As New Year Dawns, Jewish Women Mark Milestones
Just in time for the new year, several notable firsts have taken place in the world of Jewish women.
On Sunday, September 9, the first Torah to have been scribed by a woman was unveiled at Drisha Institute for Jewish Education, located in midtown Manhattan, before being transported to its home at the United Hebrew Congregation, a Reform synagogue in St. Louis. The milestone followed on the heels of two others: The publication of “Shaarei Simcha” (“Gates of Joy”), touted as the first modern liturgical work written and edited by women for use in the Orthodox community, and of Dinah Berland’s “Hours of Devotion: Fanny Neuda’s Book of Prayers for Jewish Women,” a reissue of a rare 1855 book of techinot, or supplications — the first ever written by a woman for other women. (For a full story on Berland’s book, please see page B9.)
“Just as we have male and female rabbis, our congregants have seen that yet another role that was and still mostly is traditionally open to men is now being opened slowly to women,” Brigitte Rosenberg said. Rosenberg is the associate rabbi of United Hebrew Congregation, where 27-year-old calligrapher Jen Taylor Friedman’s Torah is headed. Taylor Friedman is one of only a handful of known female Torah scribes in the world. “Our congregants, especially our children, had the opportunity to meet with a woman who is a trailblazer,” Rosenberg added.
But Taylor Friedman herself was quick to point out that her drive to write a Torah wasn’t motivated by a desire to advance the plight of Jewish women. “I wrote the Torah because I wanted to write a Torah, not because I wanted to make a big feminist statement,” she said. “The first-woman aspect is an enjoyable component instead of the central achievement.”
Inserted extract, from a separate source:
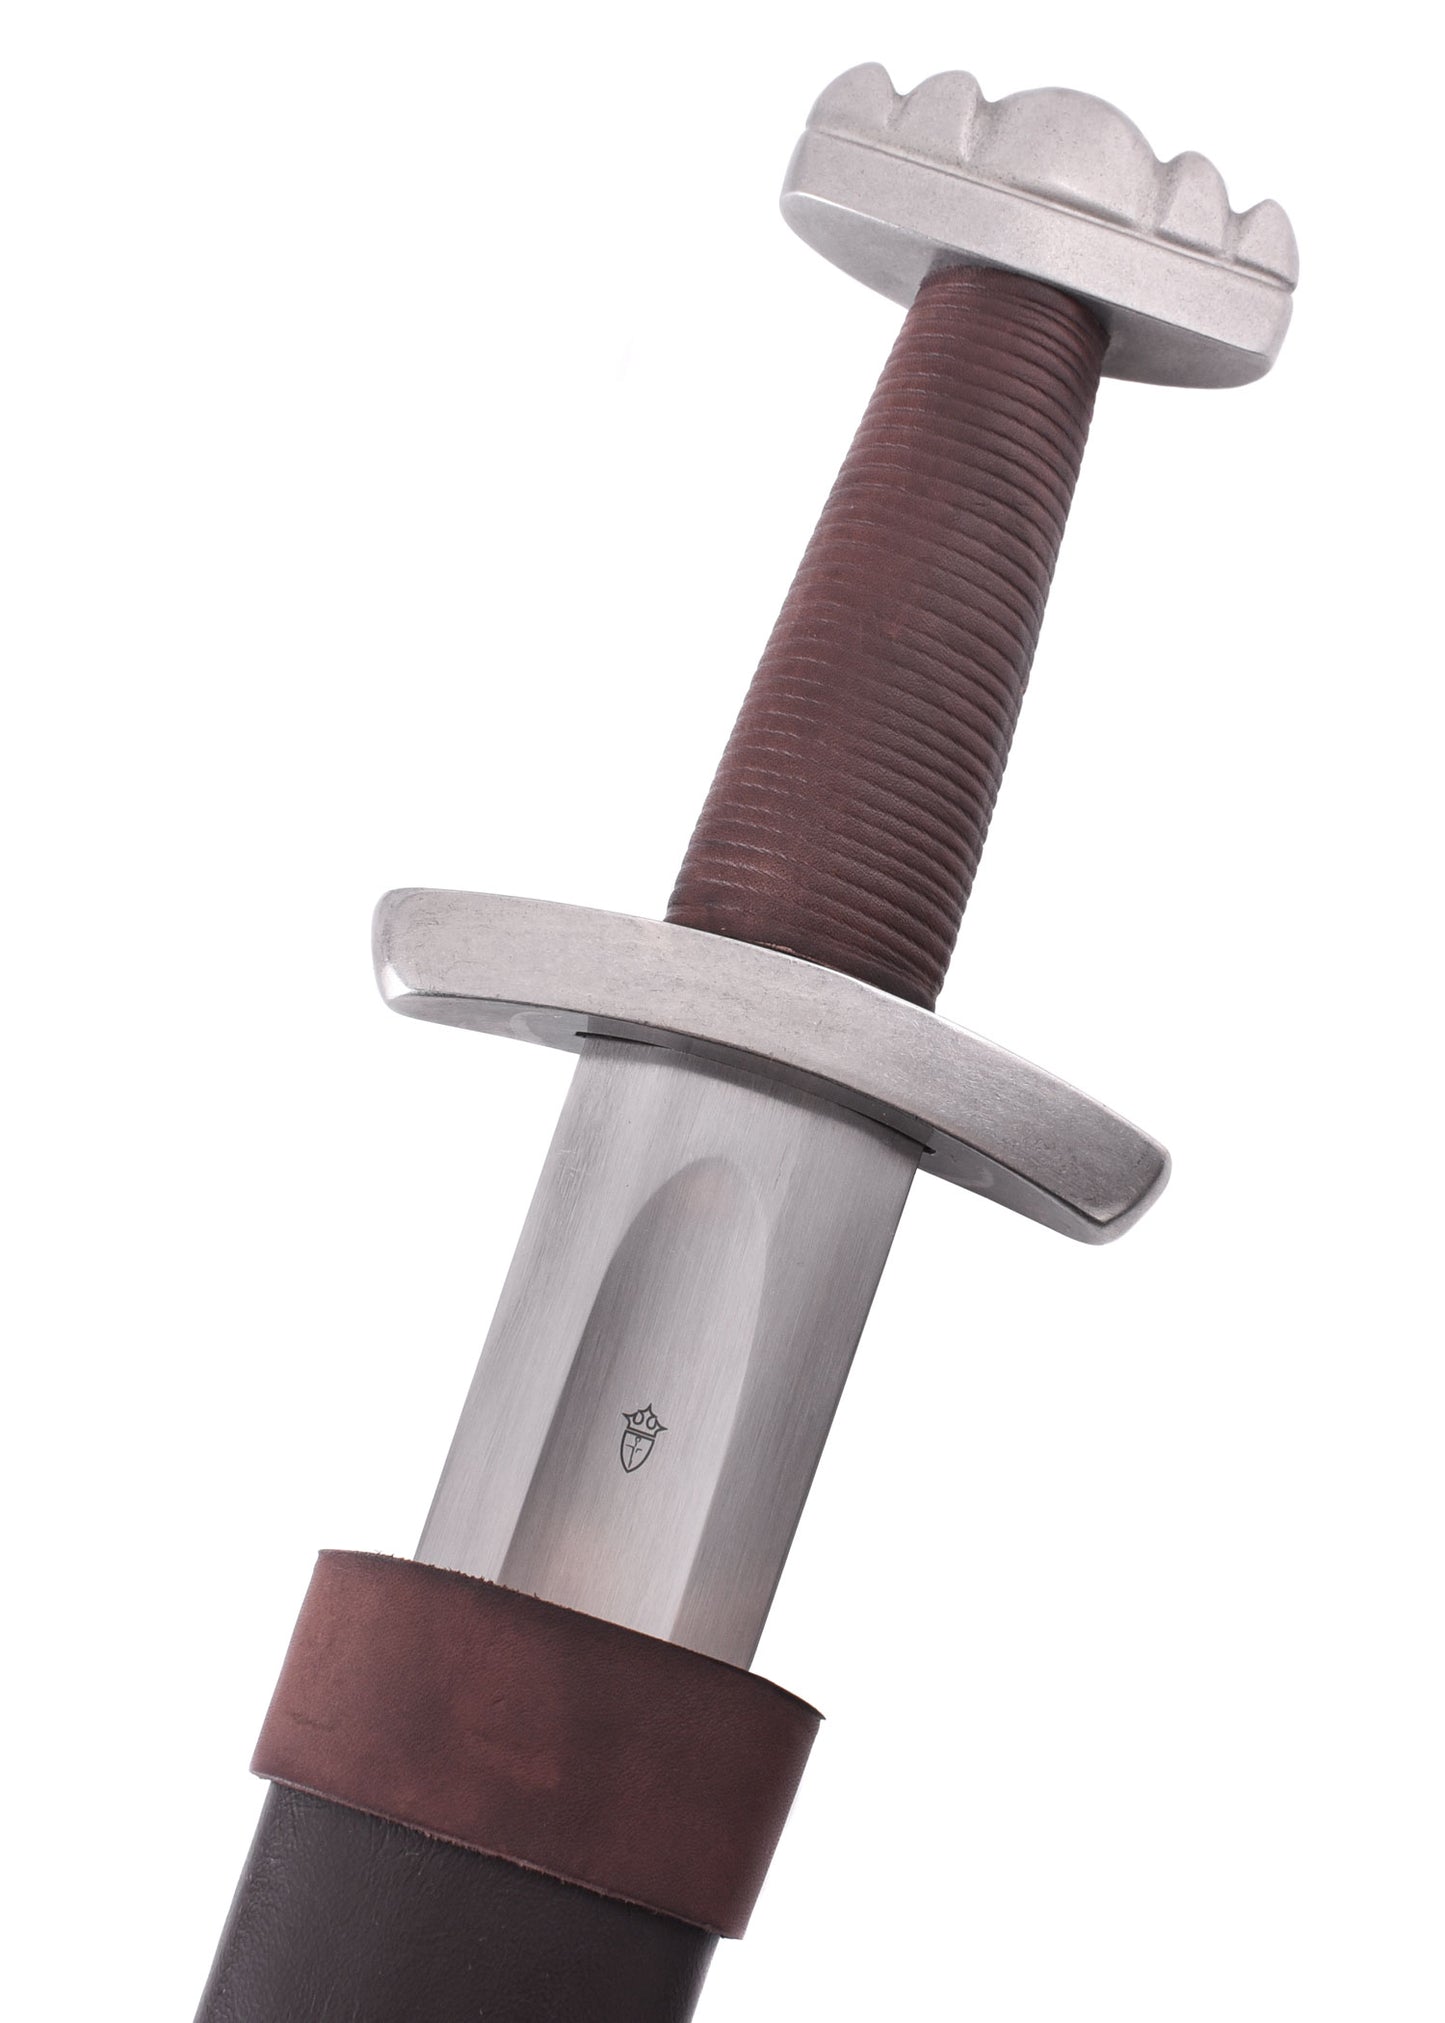 Épée viking de tournoi - Kingston Arms-T.A DEFENSE

“Shaarei Simcha,” which is being described as a “cutting-edge prayer book” by its publisher, Ktav Publishing House, was written and edited by Adena K. Berkowitz and Rivka Haut. The book adheres to Orthodox Jewish law, yet provides gender-neutral translations of prayers. But what may set this book further apart from similar works is its inclusion of — and support for — the roles women can play in a number of religious rituals, including the blessings recited before drinking wine (Kiddush), during Grace After Meals, and at bar/bat mitzvahs and wedding celebrations.
To be sure, this week also saw renewed tension between activists and the established Jewish community. United Jewish Communities, a humanitarian and philanthropic organization that represents and serves 155 Jewish federations and 400 independent Jewish communities across North America, was excoriated for failing to include any female rabbis in its High Holiday Divrei Torah streaming video Web program.
In a letter to UJC representatives — including Howard Rieger, president and CEO, and others, such as Rabbi Gerald I. Weider, senior consultant to UJC’s Rabbinic Cabinet — Shifra Bronznick, founding president of Advancing Women Professionals and the Jewish Community, a national not-for-profit that aims to advance women into leadership positions in Jewish life, wrote that UJC’s decision to leave female scholars out of its streaming program “demonstrated a lack of accountability for the commitments it made to close the gender gap in the federation system.”
She continued, “It must be that the bias in the federation system is so pervasive that it obscures from you and your staff the continued absence of women in critical leadership roles.”
Despite this controversy, the recent advancements made by females have many in the Jewish world hopeful that more progress will be made in the new year. “We are proud that Jen is the first female scribe to have completed an entire Torah,” said Ron Gieseke, United Hebrew Congregation’s president. “United Hebrew has been blessed by Jen and our new Torah.”